▶ Available data:

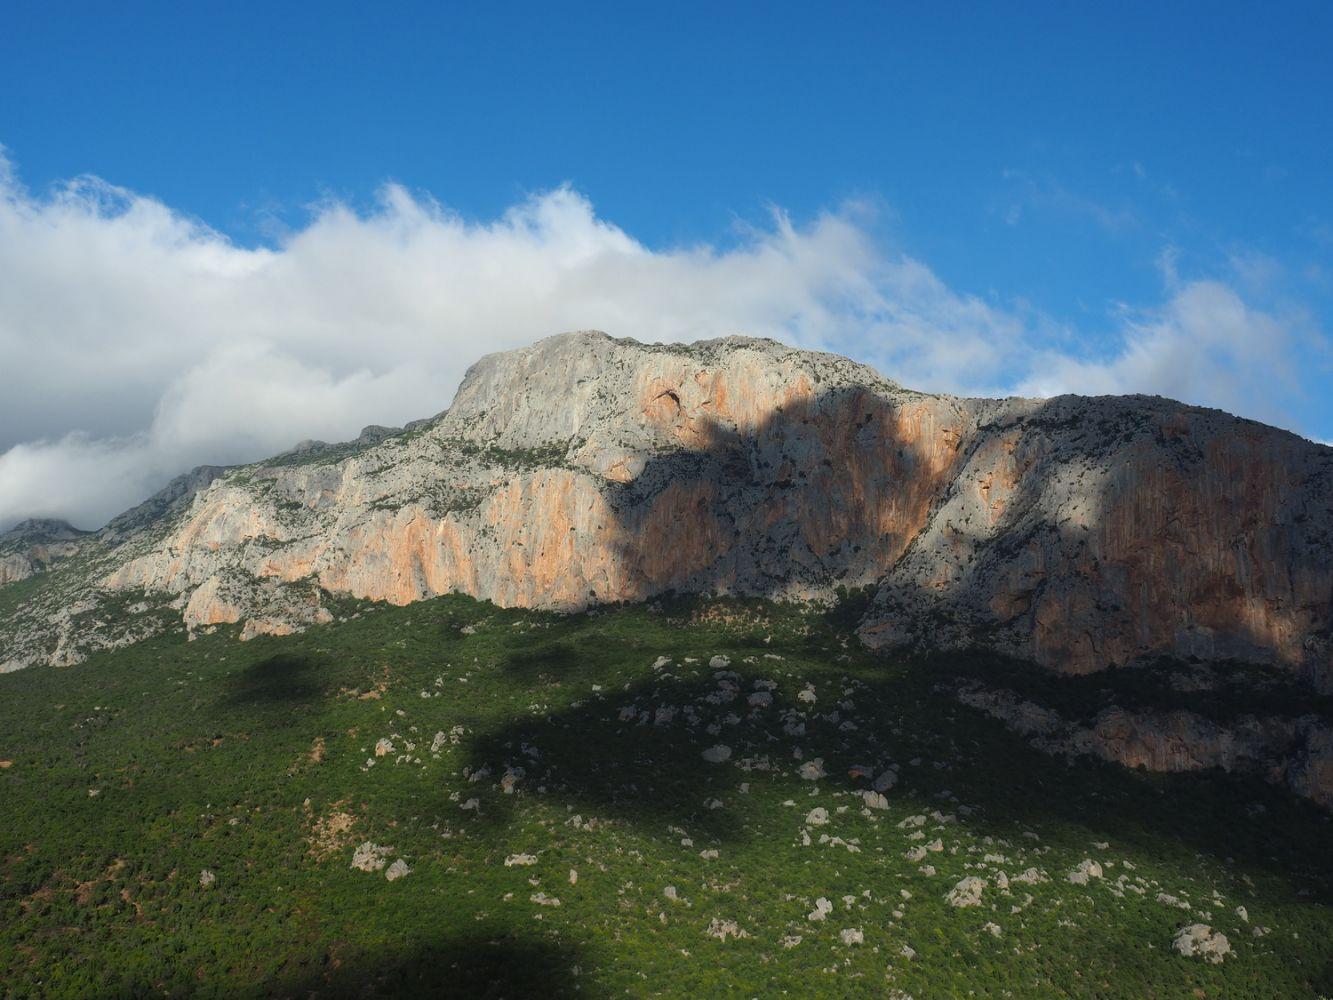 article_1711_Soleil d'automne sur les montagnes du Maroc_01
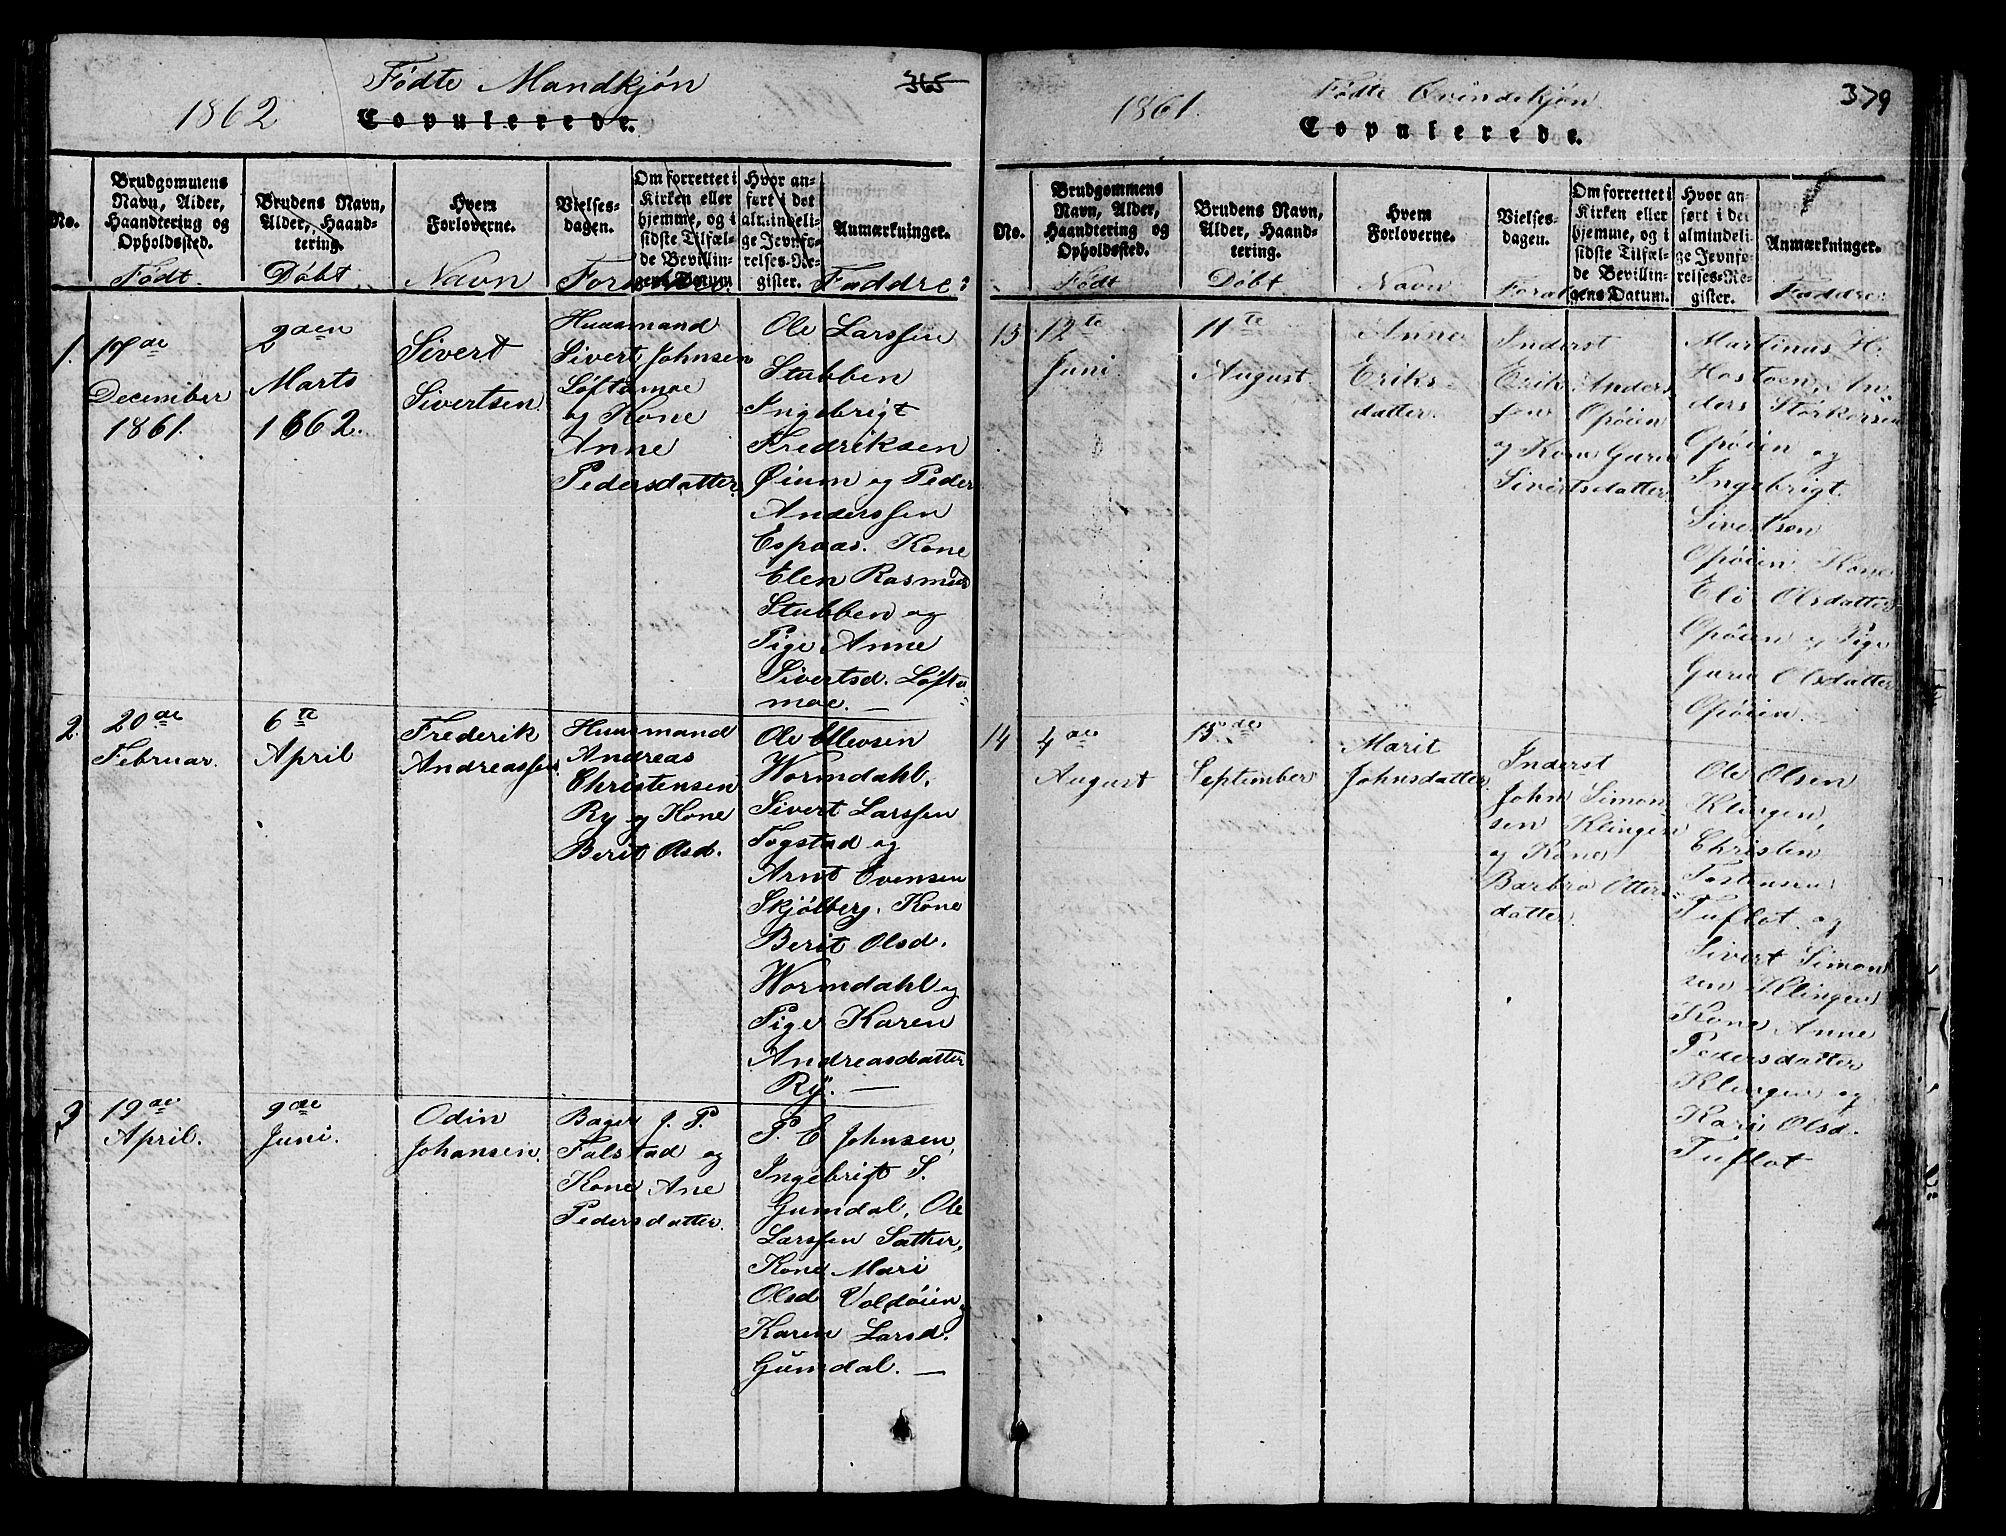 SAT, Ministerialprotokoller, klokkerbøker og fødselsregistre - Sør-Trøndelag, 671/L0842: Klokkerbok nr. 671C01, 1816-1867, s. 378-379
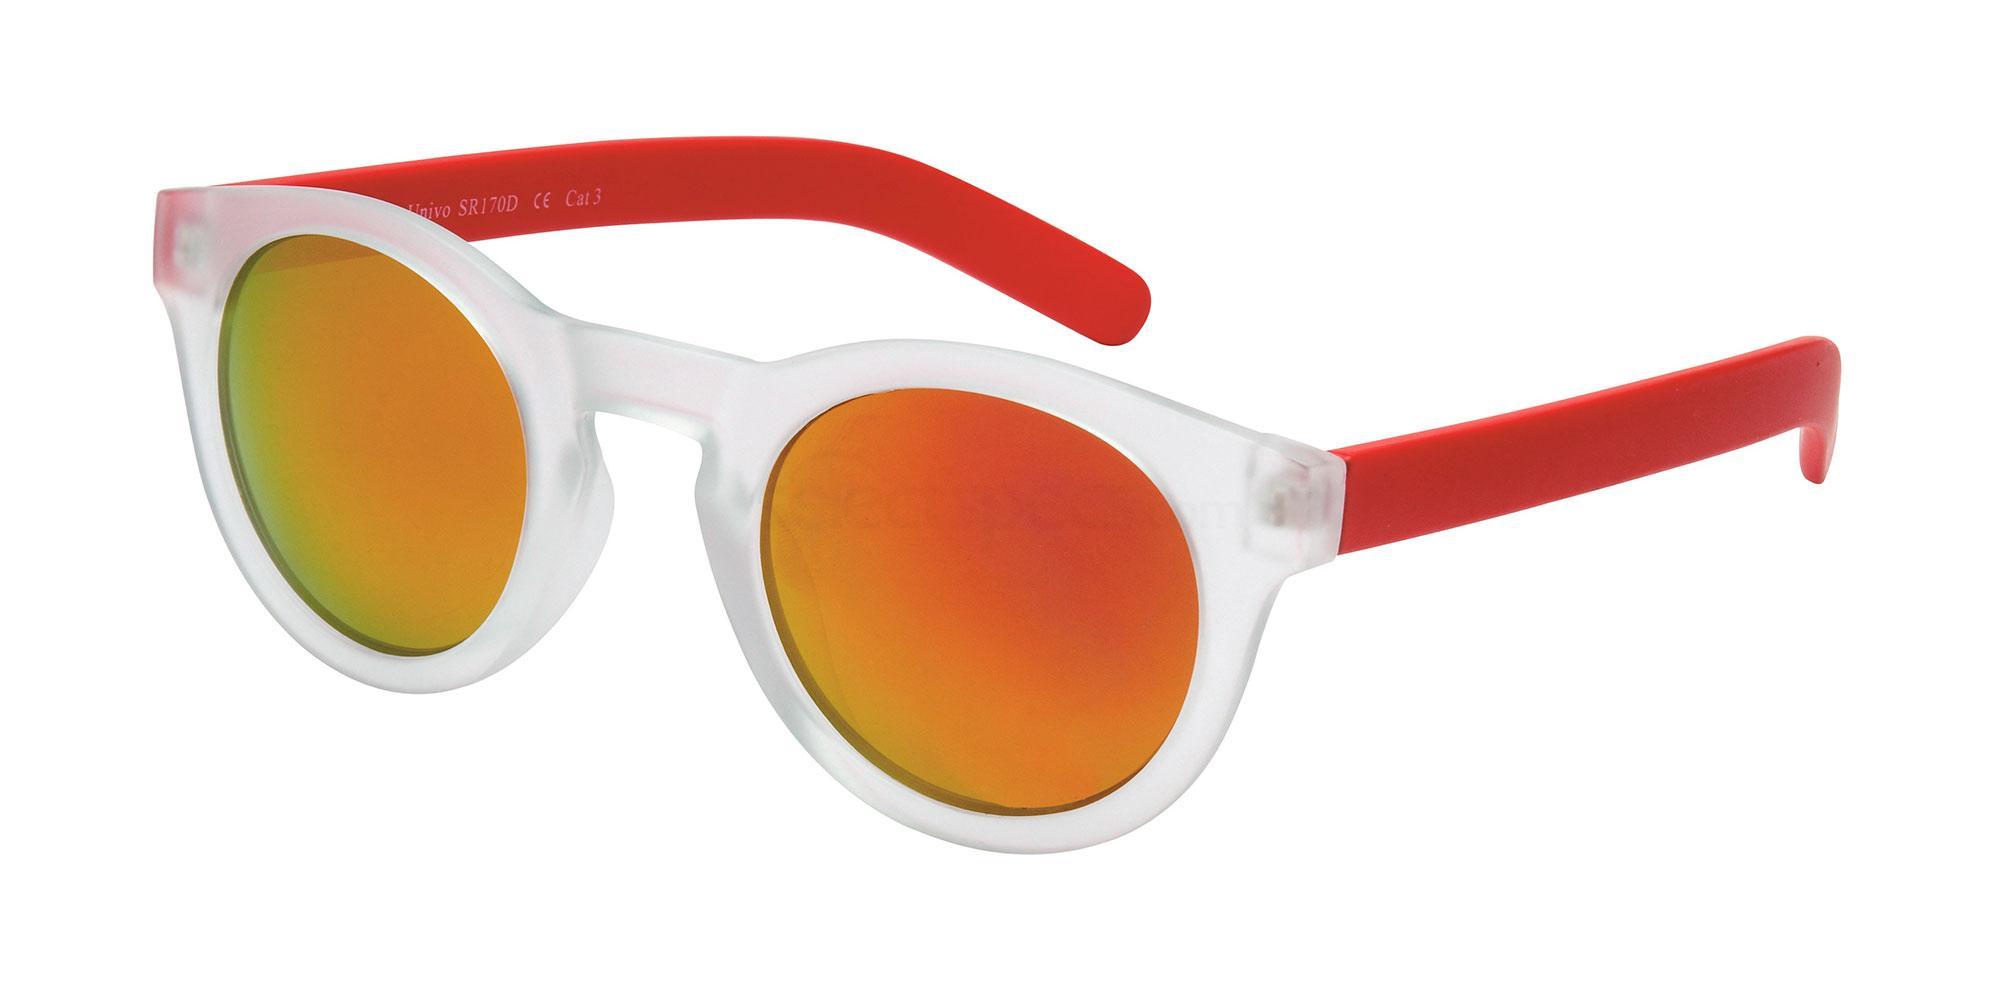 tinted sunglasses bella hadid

▶ Task to complete:
Output each of the lines above exactly, apart from the images.

▶ Finished exercise:
 article_1711_Soleil d'automne sur les montagnes du Maroc_01
 SAT, Ministerialprotokoller, klokkerbøker og fødselsregistre - Sør-Trøndelag, 671/L0842: Klokkerbok nr. 671C01, 1816-1867, s. 378-379
 tinted sunglasses bella hadid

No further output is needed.